Now *r* can take any integer value from 1 to *n*, i.e. \(1 \le r \le n\) . Thus, the total number of all possible sub-groups, each sub-group being assigned a unique leader, will be \(\sum\limits_{r = 0}^n r \cdot {}^n{C_r}\) which is the left hand side of our assertion.

To prove this equal to the right hand side, we count the sub-groups from a different angle. We count all those sub-groups in which a particular person, say *A*, is the leader.

Since *A* is the leader, *A* is fixed in our sub-group. For each of the remaining (*n* – 1) people, we have two options. We either put the person in the group led by *A* or we don’t. Thus, the total number of sub-groups in which *A* is the leader will be

\[\underbrace {2 \times 2 \times 2 \times ... \times 2}_{(n - 1)\,\,{\rm{times}}} = {2^{n - 1}}\]

Since any of the *n* persons can be the leader, and under each person’s leadership, \({2^{n - 1}}\) groups can be formed, the total number of sub-groups, each sub-groups under some unique person’s leadership is \(n \cdot {2^{n - 1}}\) . This proves our assertion that

\[\sum\limits_{r = 1}^n r \cdot {}^n{C_r} = n \cdot {2^{n - 1}}\]

**Example – 21 **

A composition of a natural number *N* is a sequence of non-zero integers \(\left\{ {{a_1},{\rm{ }}{a_2}{\rm{ }}..........{\rm{ }}{a_k}} \right\}\) _{, which add up to N. How many compositions of N exist? }

**Solution:** Let us make the question more clear by taking a particular example for *N*, say *N* = 4.
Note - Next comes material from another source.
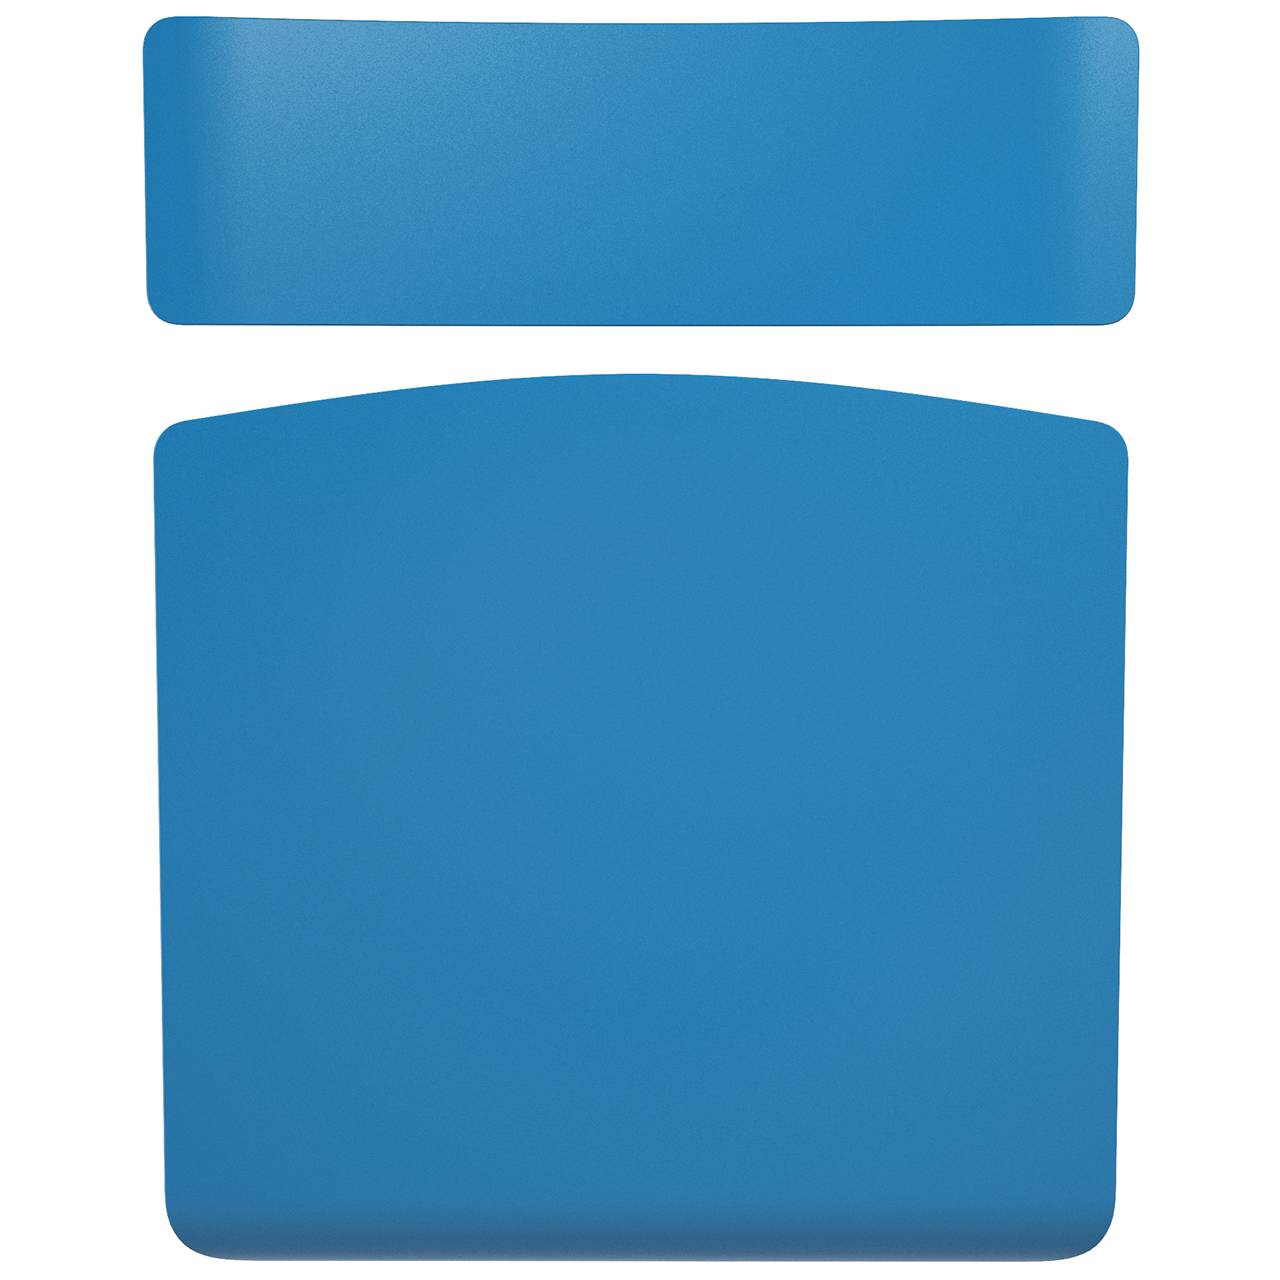 Стул ученический регулируемый (гр. 2-4, 3-5, 4-6 или 5-7) коричневый Синий 3-5 прямоугольная

As described in the question, the compositions of *N* = 4 will be \(\left\{ 4 \right\},\,\,\left\{ {1,\,\,3} \right\},\,\left\{ {2,2} \right\},\,\,\left\{ {3,1} \right\},\,\,\left\{ {1,1,2} \right\},\left\{ {1,2,1} \right\},\,\,\left\{ {2,\,1,1} \right\}\,\,{\rm{and}}\,\,\left\{ {1,\,1,\,1,1} \right\}\) which are 8 in number.

Observe carefully the compositions listed out. How can we characterize each of these compositions mathematically? Recall the problem of finding the number of non-negative solutions of the integral equation \({x_1} + {x_2} + ....... + {x_n} = r\) where each solution corresponded to a unique permutation of *r* “ 1 “symbols and *n* - 1 "\(\fbox{}\)" symbols. Can we do something like that here? In other words, can we represent each composition in another form whose permutations are easier to count?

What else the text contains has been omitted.